MATERIAL TO PROCESS below:

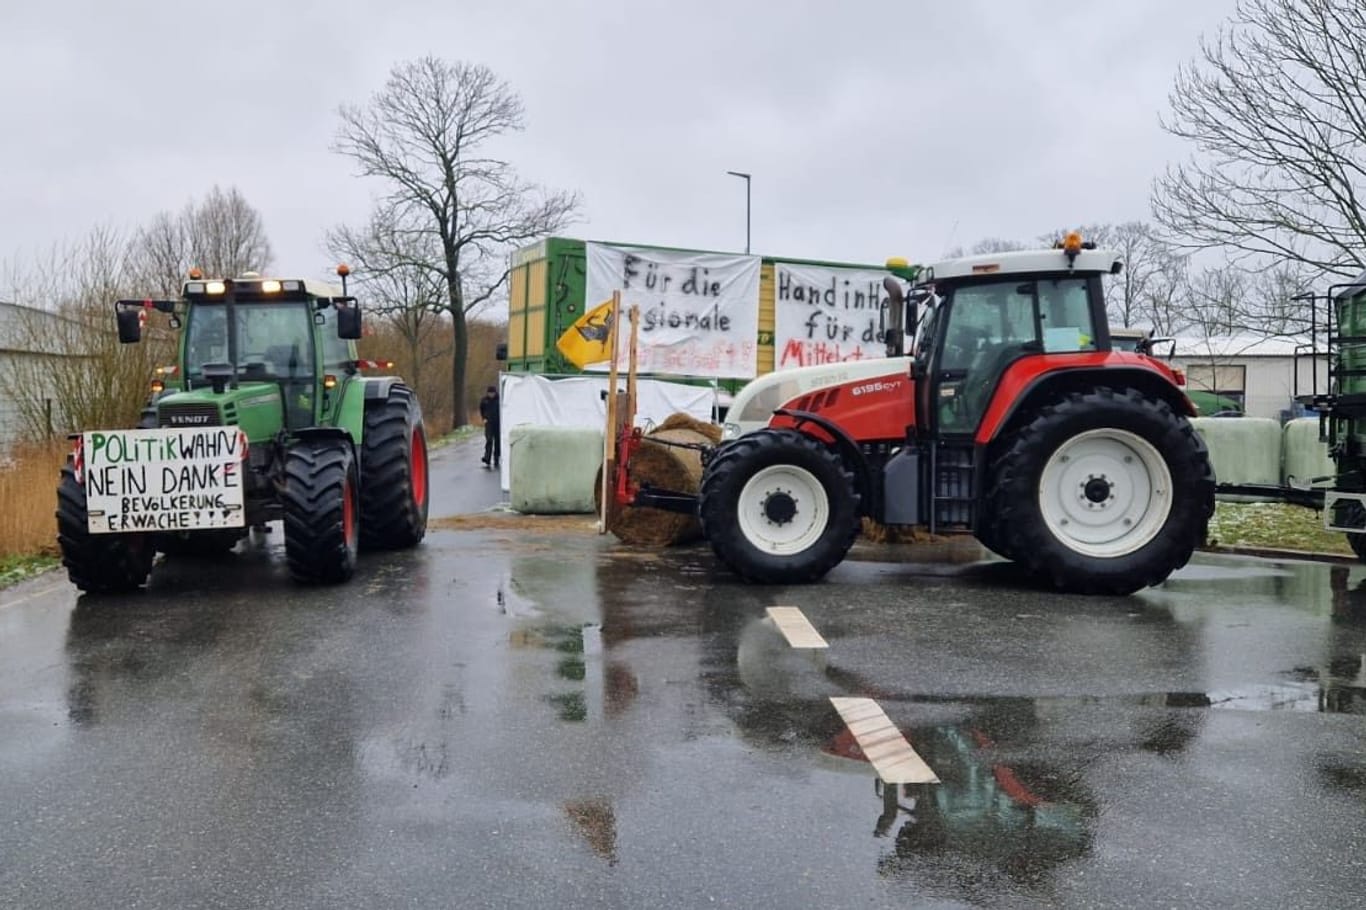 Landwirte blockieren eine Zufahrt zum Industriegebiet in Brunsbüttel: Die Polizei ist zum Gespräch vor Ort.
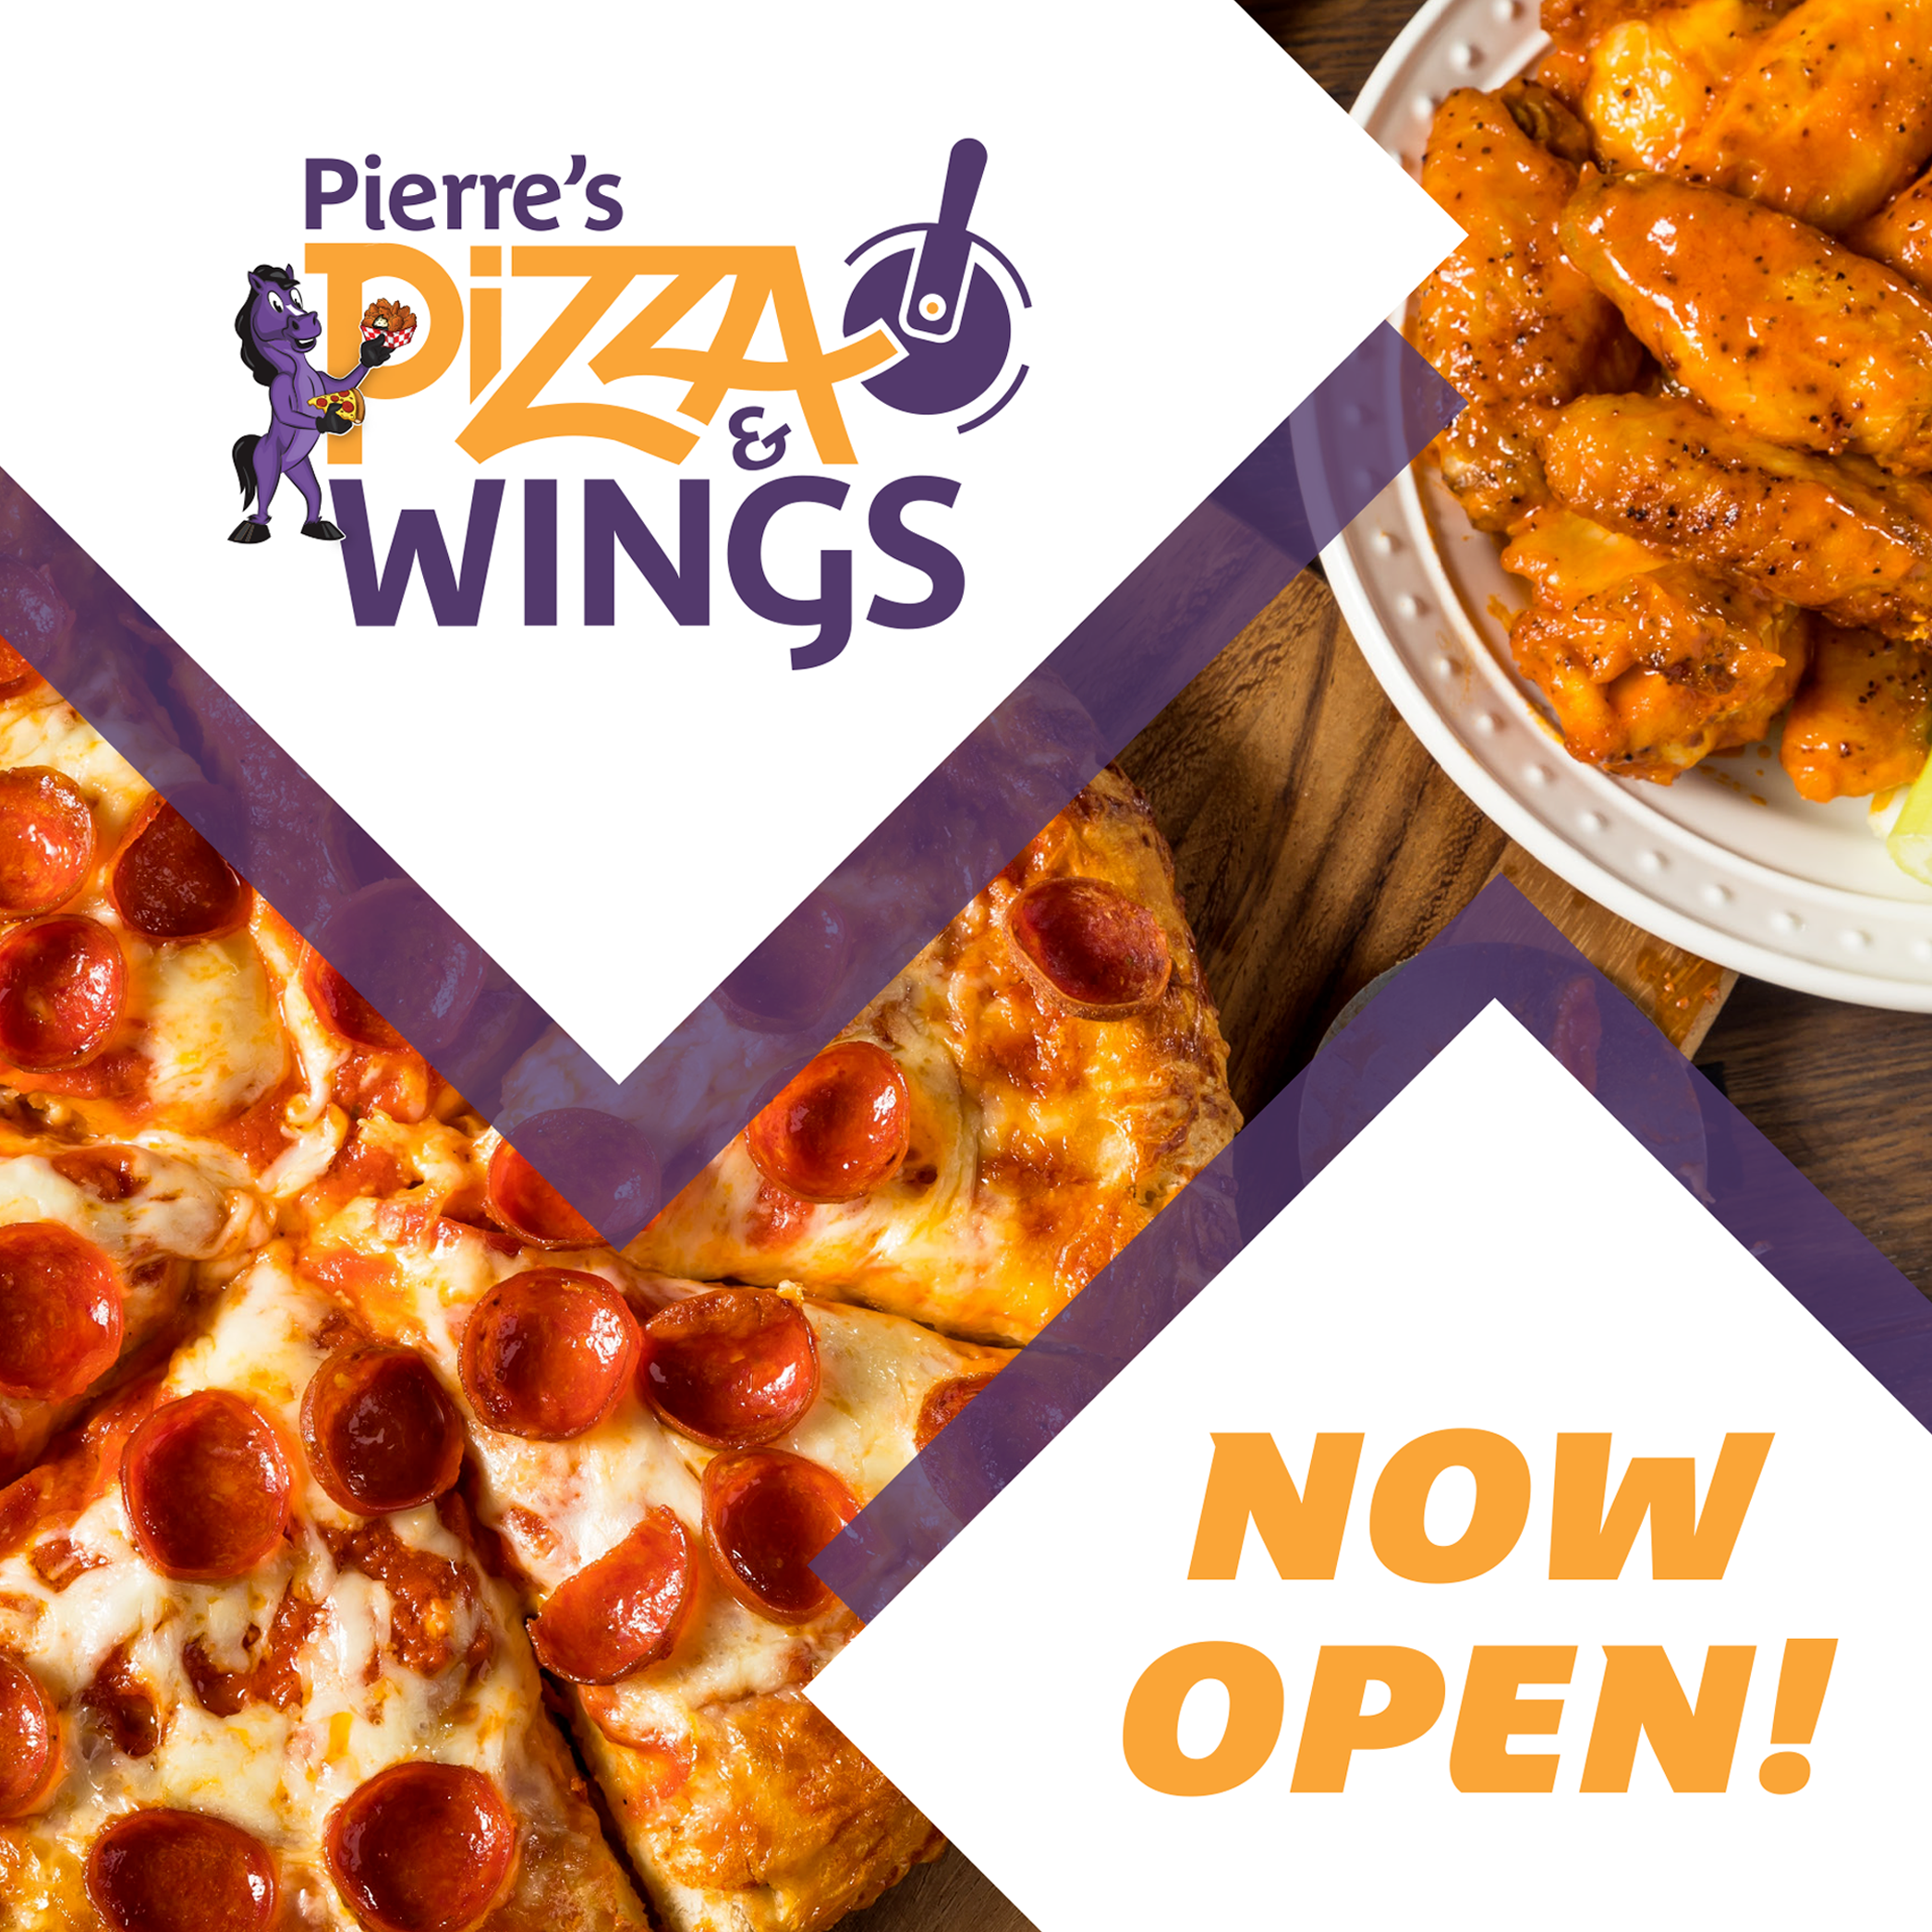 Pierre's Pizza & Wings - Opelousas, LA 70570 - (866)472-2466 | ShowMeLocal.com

End of MATERIAL TO PROCESS.
MATERIAL TO PROCESS below:

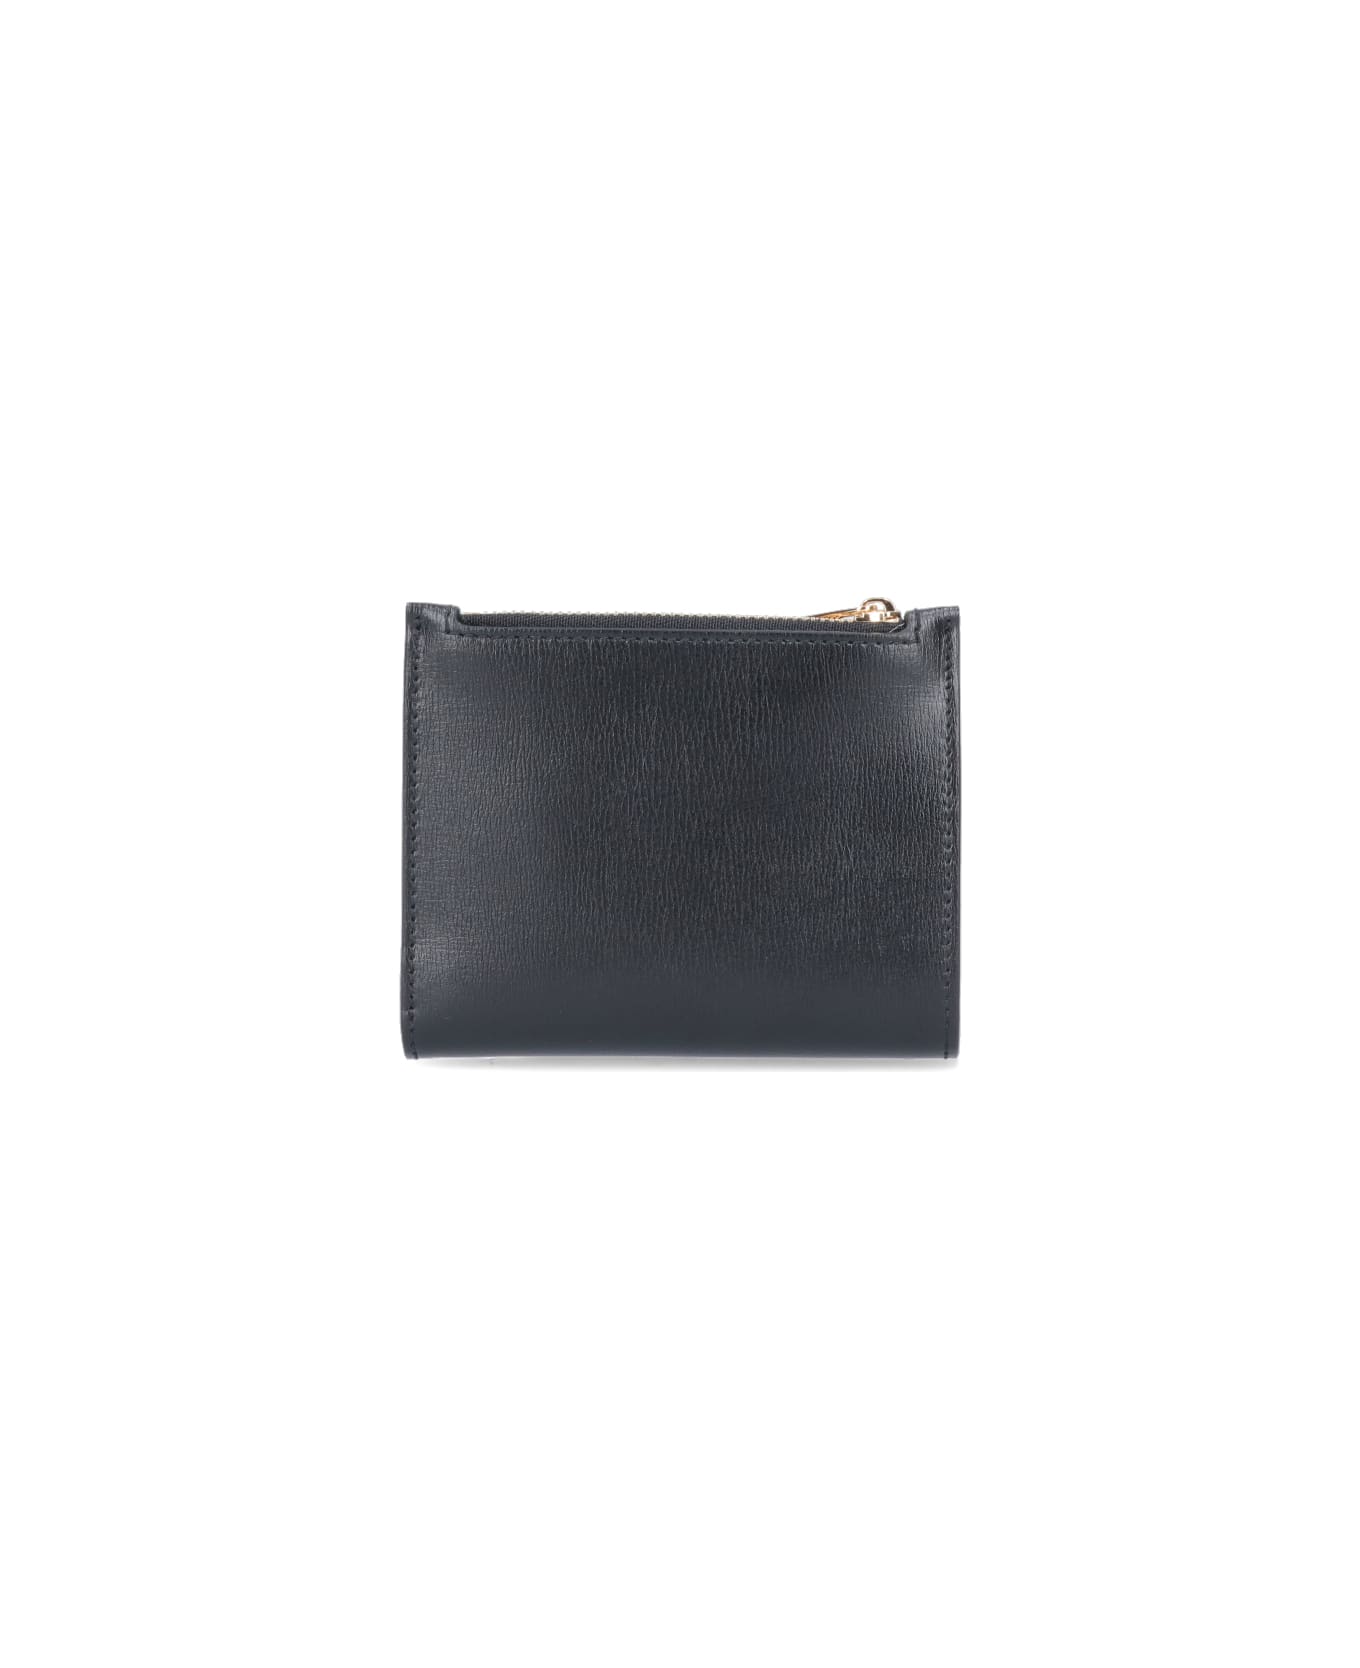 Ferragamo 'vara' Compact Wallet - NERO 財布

End of MATERIAL TO PROCESS.

Write back word for word every line in the entries above from the one with "Landwirte blockieren eine" to the one with "Pierre's Pizza &", ends included, and none of the pictures.

 Landwirte blockieren eine Zufahrt zum Industriegebiet in Brunsbüttel: Die Polizei ist zum Gespräch vor Ort.
 Pierre's Pizza & Wings - Opelousas, LA 70570 - (866)472-2466 | ShowMeLocal.com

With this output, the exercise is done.